• THE INPUT
┌──

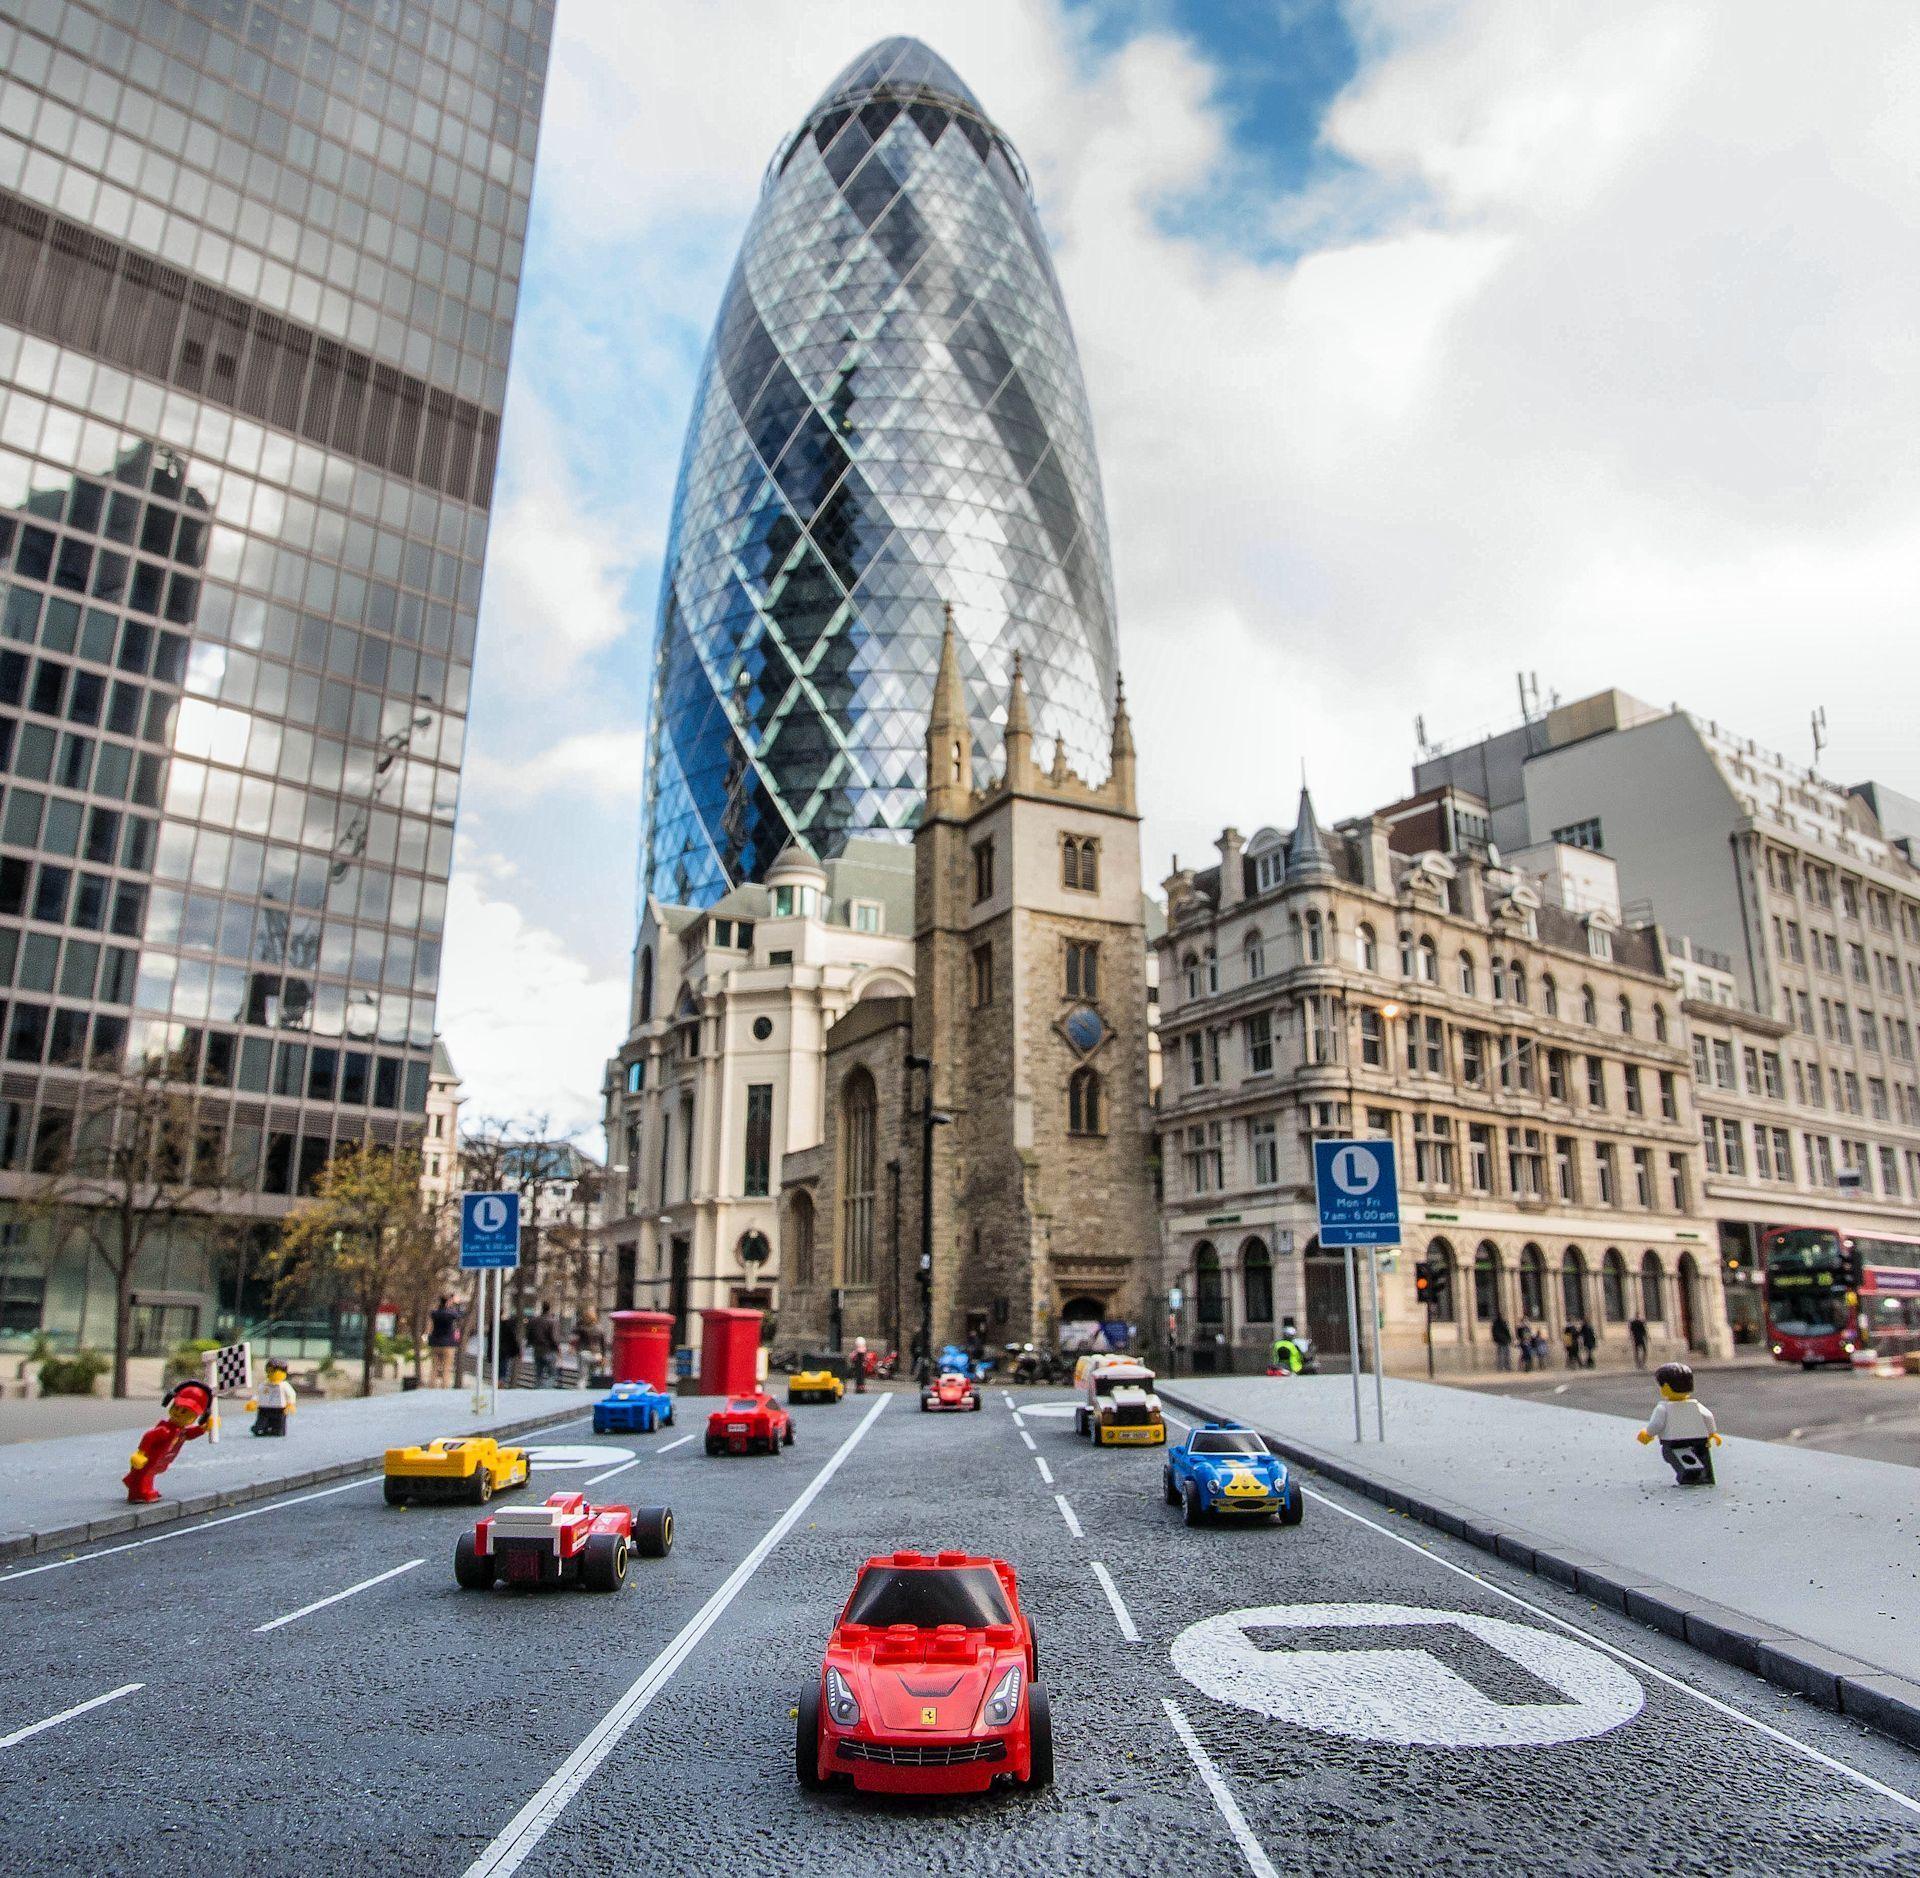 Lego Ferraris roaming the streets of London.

└──
┌──

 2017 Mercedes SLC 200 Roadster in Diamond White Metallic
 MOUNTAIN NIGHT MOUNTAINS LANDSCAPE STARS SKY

└──

• TASK DESCRIPTION
The reply should consist solely of the lines above from the one that has "2017 Mercedes SLC" through the one that has "MOUNTAIN NIGHT MOUNTAINS LANDSCAPE STARS SKY", reproduced exactly.

• YOUR RESPONSE
 2017 Mercedes SLC 200 Roadster in Diamond White Metallic
 MOUNTAIN NIGHT MOUNTAINS LANDSCAPE STARS SKY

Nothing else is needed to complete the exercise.